At a news conference Wednesday in Raleigh, McCrory said serious flooding is heading downstream even though the weather now looks beautiful.
He said many people are hurting, living in shelters and preparing for major flooding. The governor says major flood issues remain in Robeson County.
The governor is especially worried about the Tar River in Greenville and the Neuse River in Goldsboro.
Four counties have been added to the federal disaster declaration: Bertie, Wayne, Johnston and Wilson counties.
The number of power outages in the state has dropped to 143,000.
Flooding across eastern North Carolina is still expected to get worse before it gets better.
The National Weather Service says the Tar River in Greenville was at nearly 23 feet. It’s expected to reach 25 feet late Thursday night or early Friday.

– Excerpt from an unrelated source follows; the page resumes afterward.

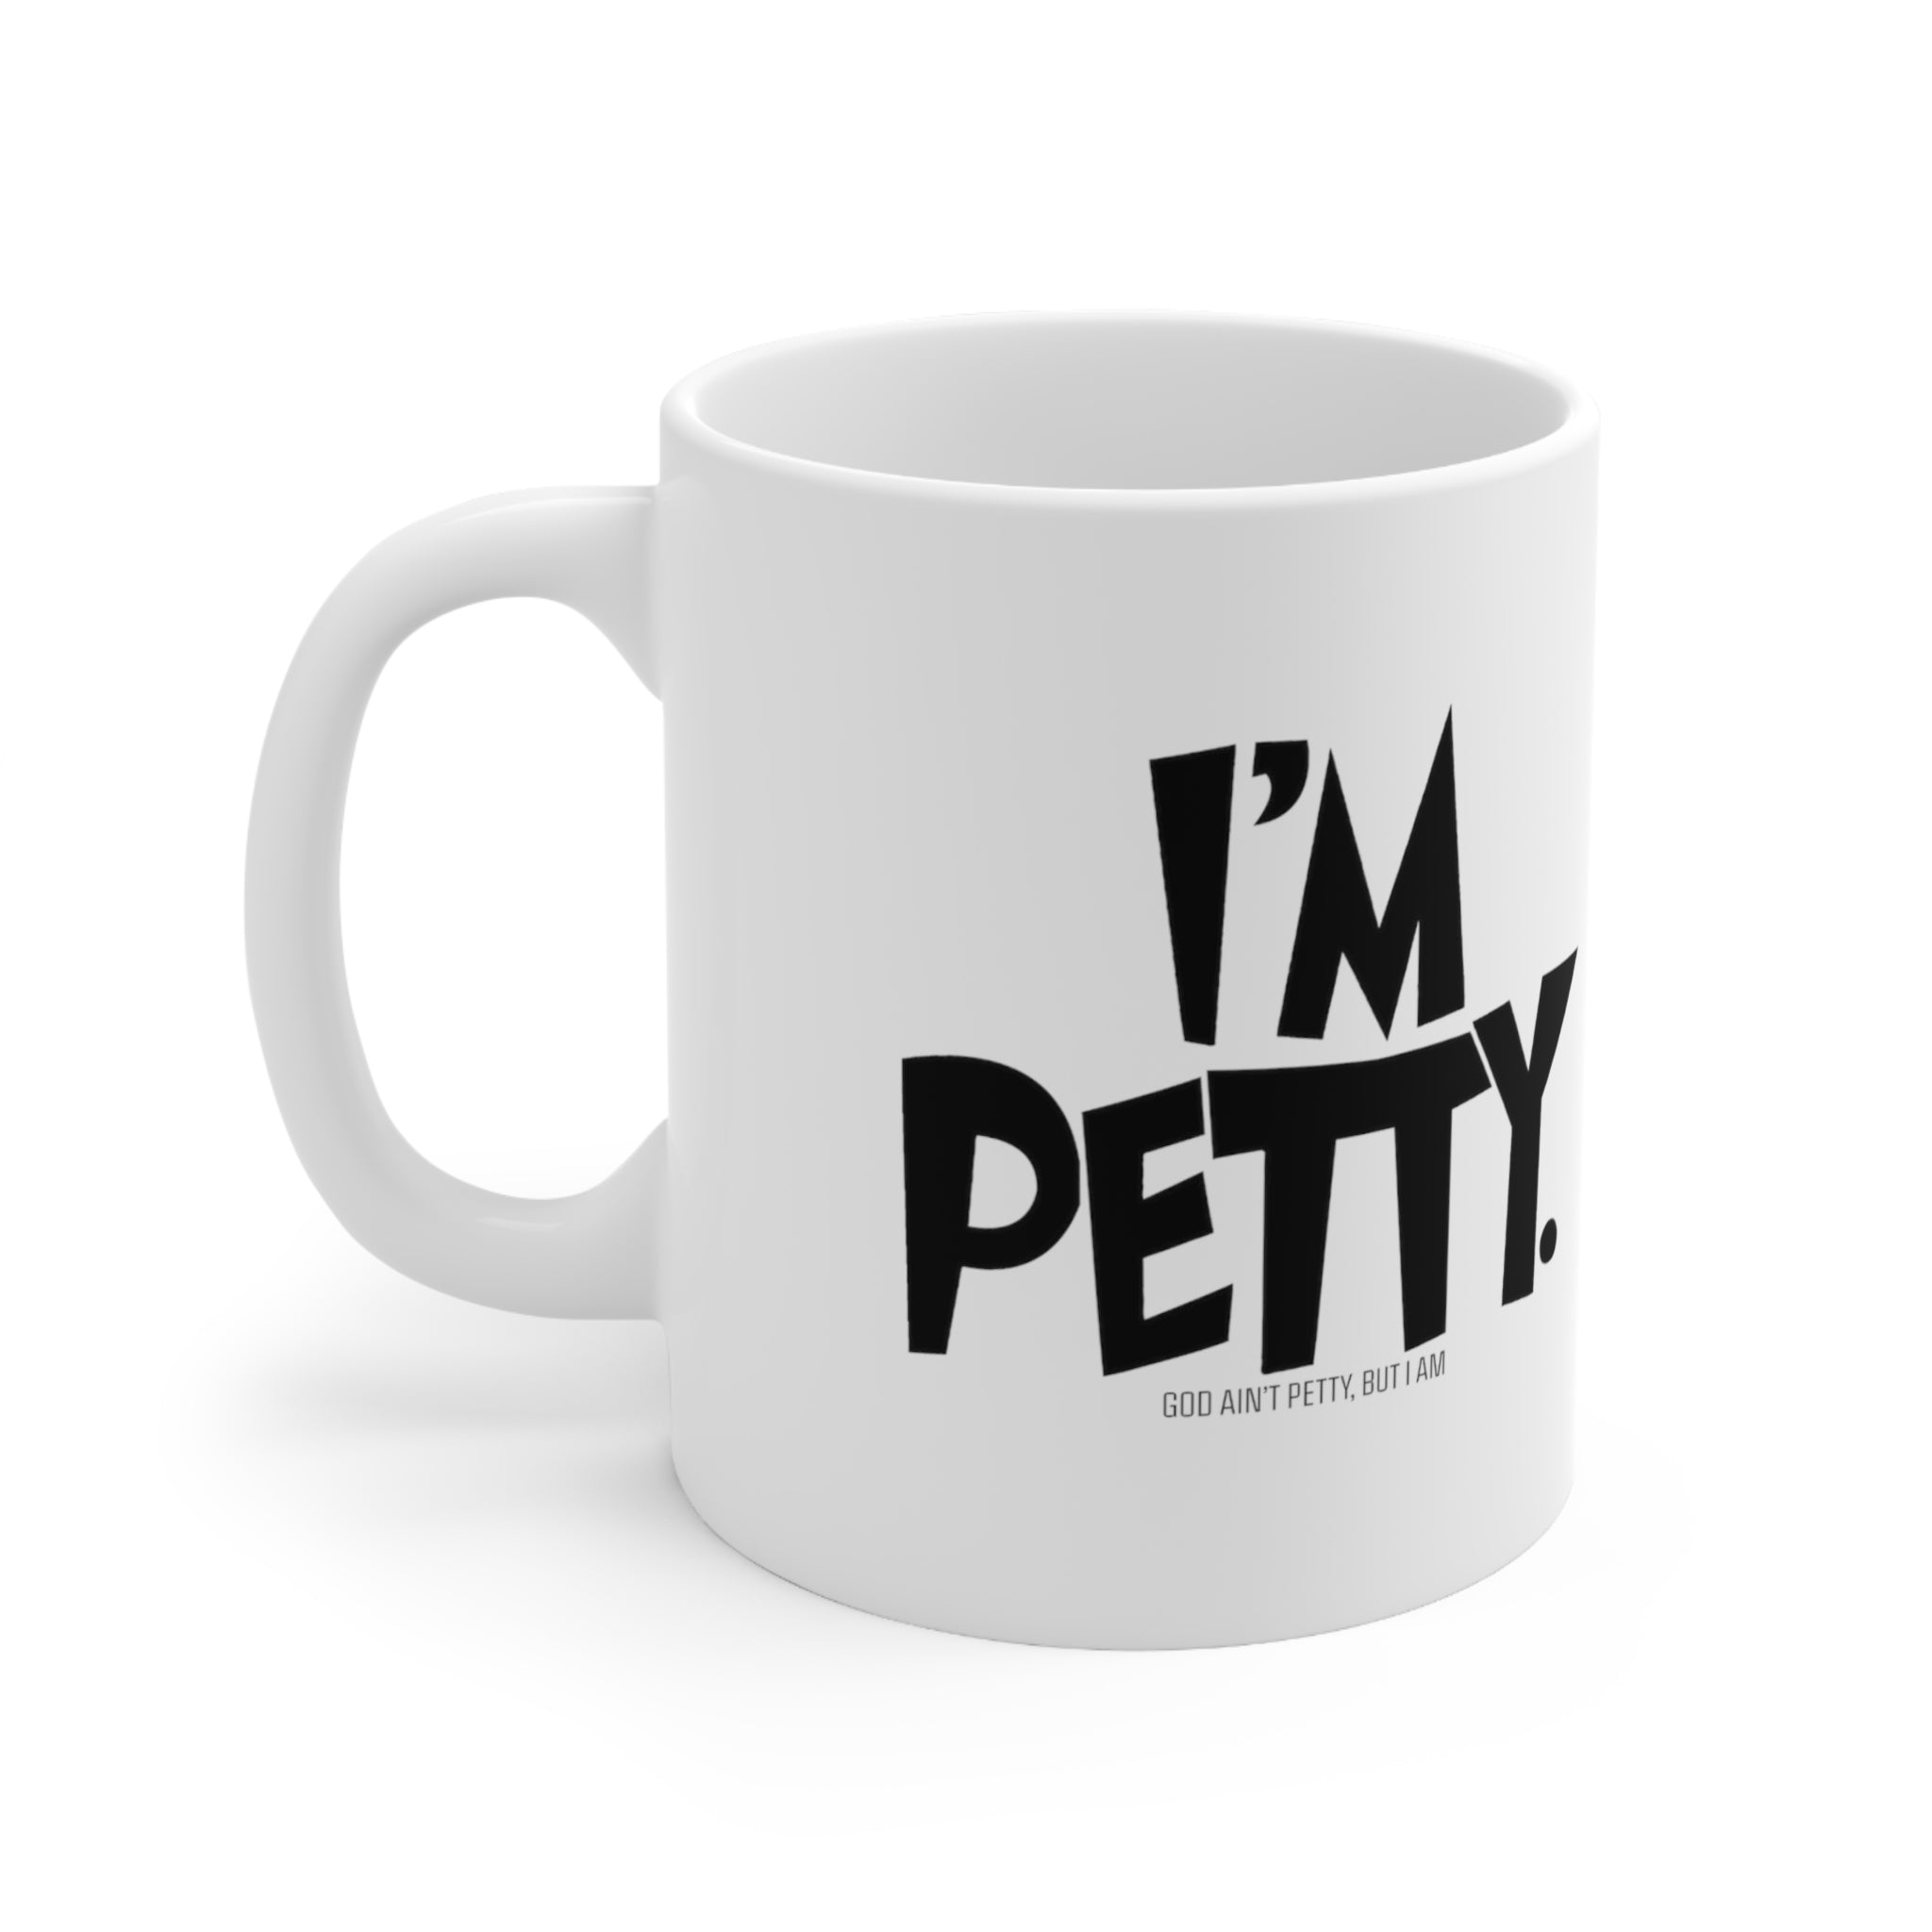 I'm Petty Mug 11oz (White & Black )-Mug-The Original God Ain't Petty But I Am
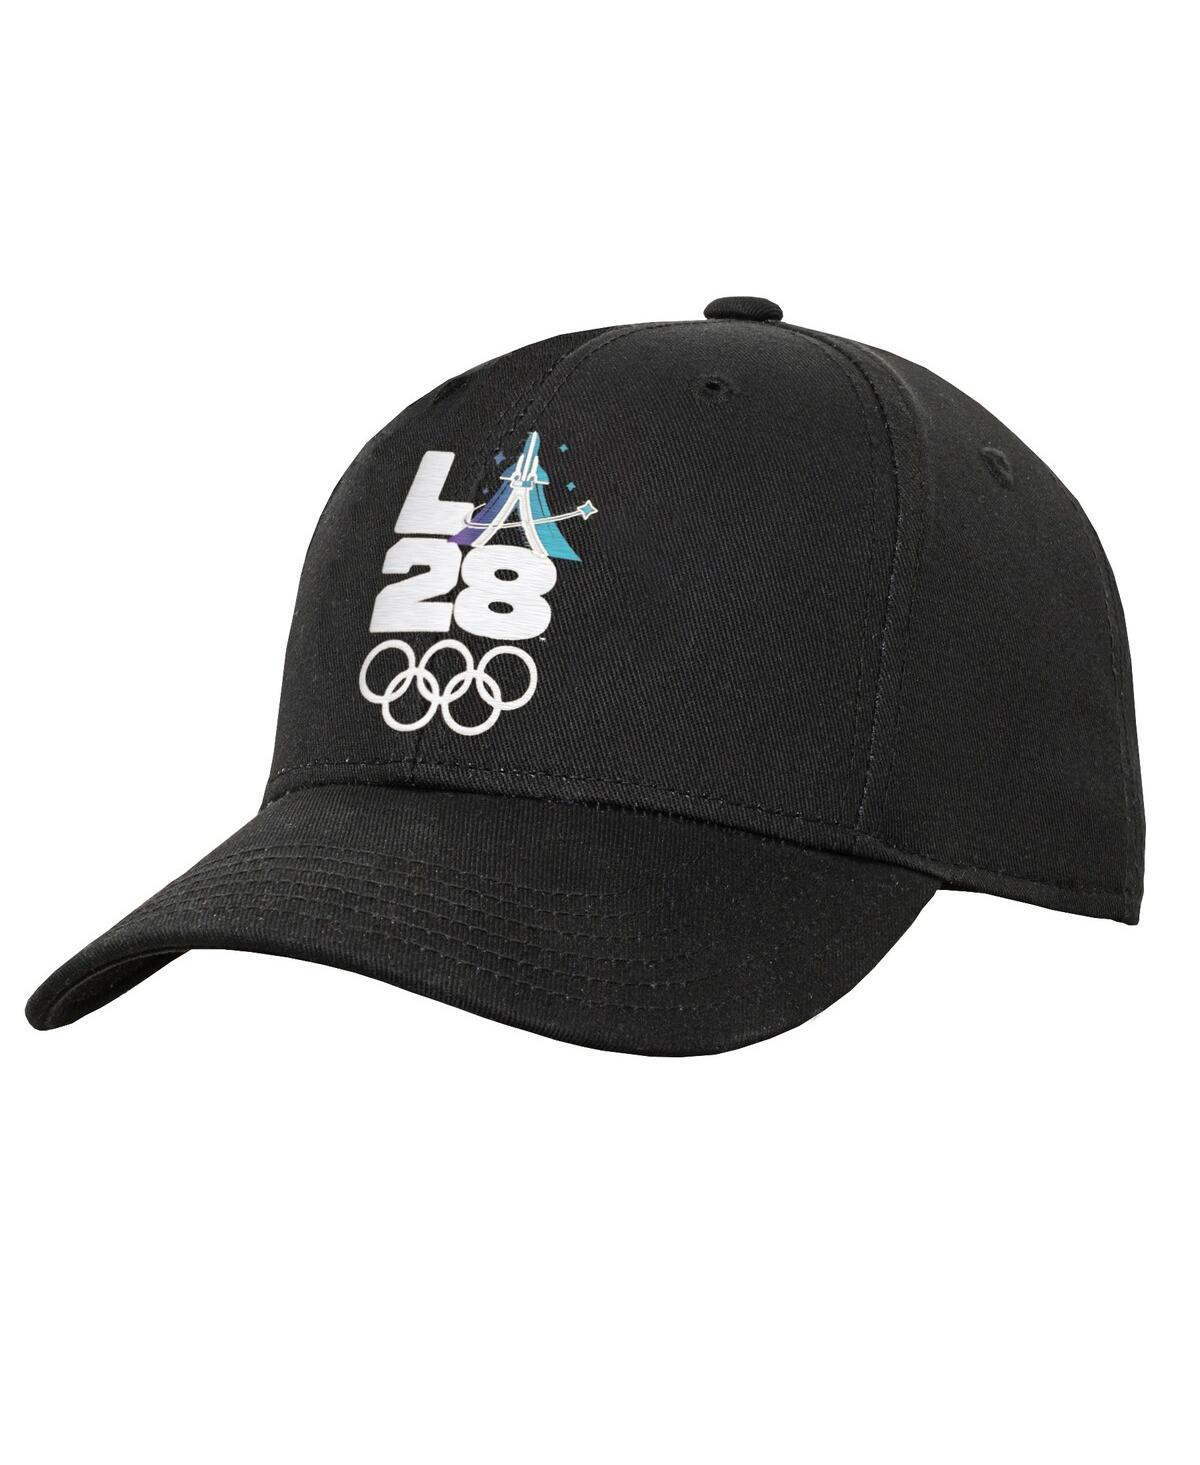 Outerstuff Men's Black La28 Summer Olympics Space Travel Adjustable Hat

The airport in Greenville was flooded and officials ordered the evacuation of about one tenth of the city’s 90,000 people. East Carolina University is closed for the rest of the week.
The Neuse River in Kinston is also still rising and is expected to peak Saturday. The weather service says the flooding is comparable to that of Hurricane Floyd in 1999.
Forecasters say all roads on the south side of Kinston will be flooded.
Flooding was also reported in Fayetteville. Forecasters say moderate flooding is occurring and conditions aren’t expected to get better before Friday morning.
Homeowners, students and businesses in one of eastern North Carolina’s population centers are keeping a nervous watch on the river that flows along downtown, as Hurricane Matthew’s deadly after-effects lingered days after the storm passed.
Authorities ordered evacuations for about one-tenth of Greenville’s 90,000 people. The Tar River is expected crest Wednesday.
Military trucks rumbled through leafy neighborhoods Tuesday where orange traffic cones and police tape discouraged people from entering. Police officers were stationed at the edge of the evacuation zone to monitor who came and went.
David Baker, whose family owns the River Bank Apartments, said all but one of their tenants had heeded the evacuation order by Tuesday, and he was spending the afternoon putting boards and sealant across the doorways of ground-floor units.